In der Mittagspause verriet die Senatorin, wie sie Politikerin geworden ist. "Es gibt keinen vorgezeichneten Berufsweg oder eine besondere Ausbildung. Niemand muss Abitur oder studiert haben. Im Prinzip kann jede Senatorin werden", erläuterte Claudia Bogedan, die vor ihrem Amtsantritt als Wissenschaftlerin gearbeitet hatte. Bogedan ermutigte die jungen Frauen, sich in die Politik einzumischen und auch politische Führungsämter anzustreben.
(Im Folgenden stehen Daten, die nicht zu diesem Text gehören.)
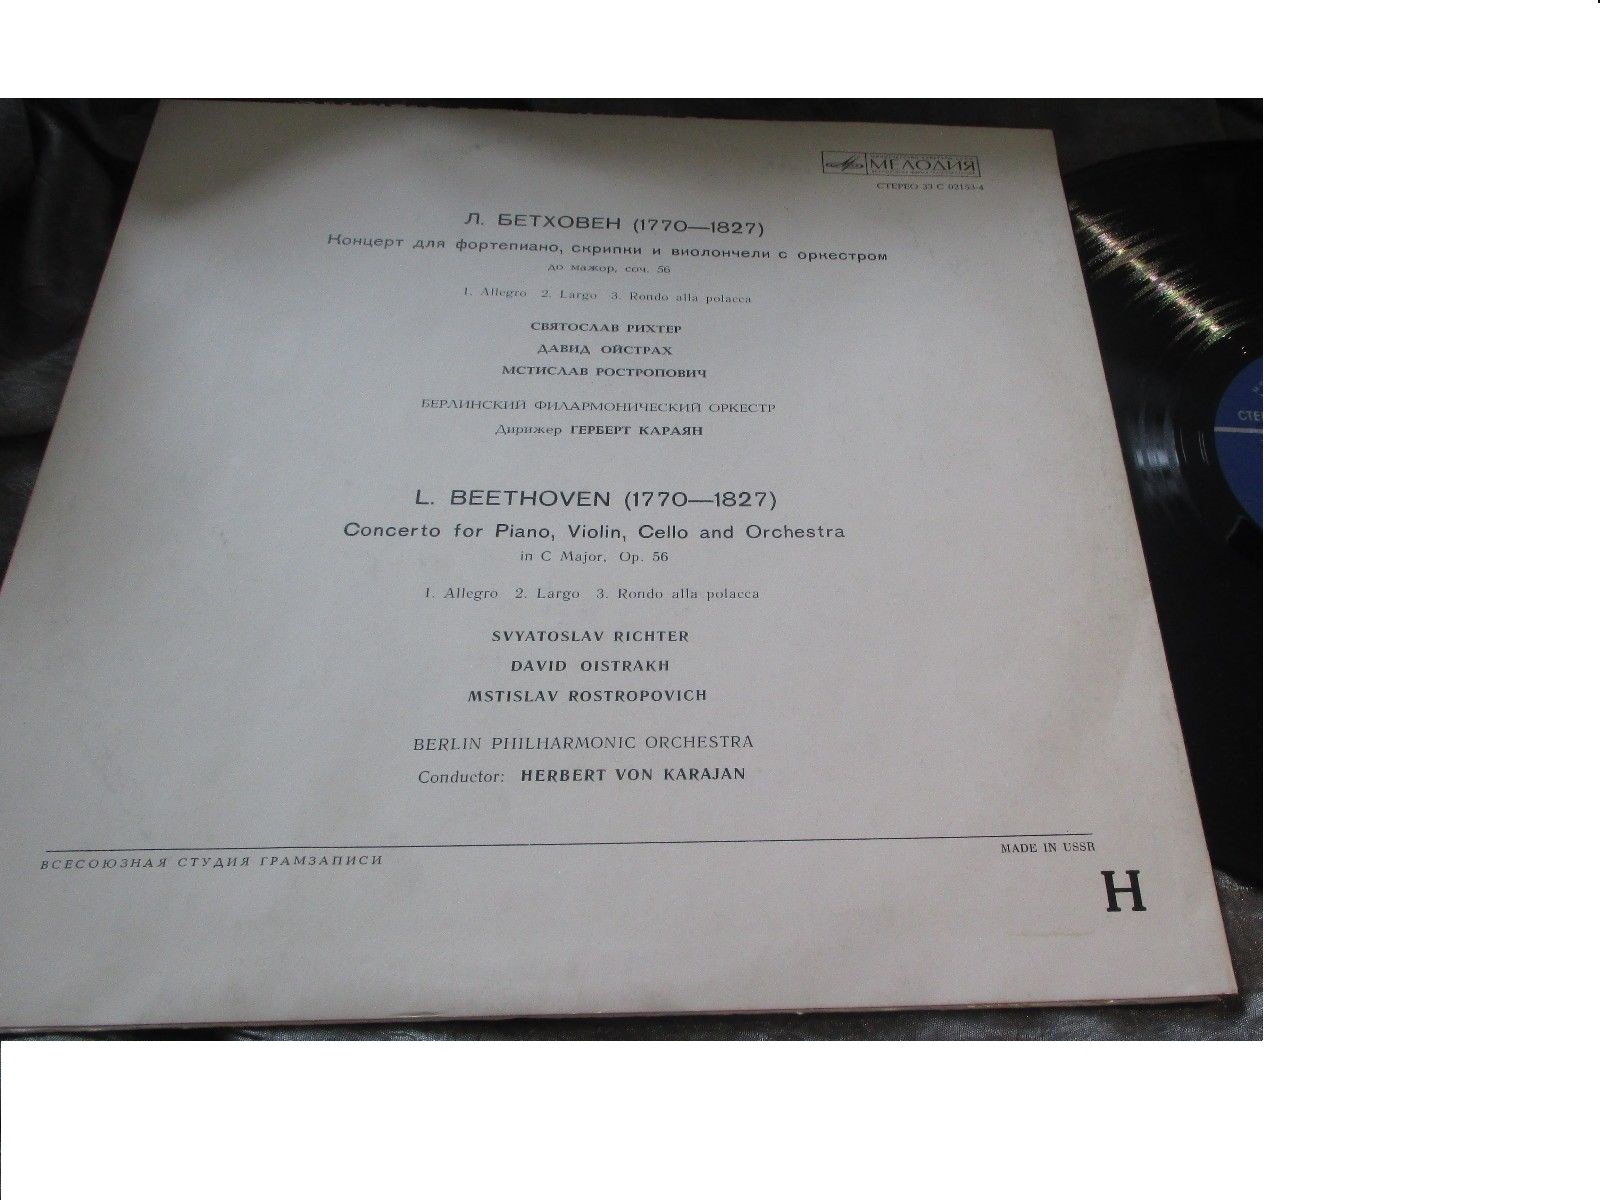 Л. БЕТХОВЕН (1770–1827): Концерт для ф-но, скрипки и виолончели с оркестром (Г. Караян, С. Рихтер, Д. Ойстрах, М. Ростропович)

Die Schülerinnen läuteten währenddessen die nächste Fragerunde ein: "Was macht Ihnen an der Arbeit besonders Spaß?", fragte Kinza, die die zehnte Klasse der Albert-Einstein-Schule besucht. "An meiner Arbeit gefallen mir die Besuche in den Kitas und Schulen besonders gut“, erklärte Bogedan.

Abgerundet wurde der Girls‘ Day mit einem Besuch im Rathaus. Im Senatssaal durften sich die beiden Mädchen auf die Plätze von Senatorin und Staatsrat setzen, während die Senatorin die Beratungs- und Abstimmungsabläufe im Senat erläuterte. "Das war ein spannender Girls Day", waren sich die jungen Frauen nach einem Tag als Nachwuchs-Senatorin einig.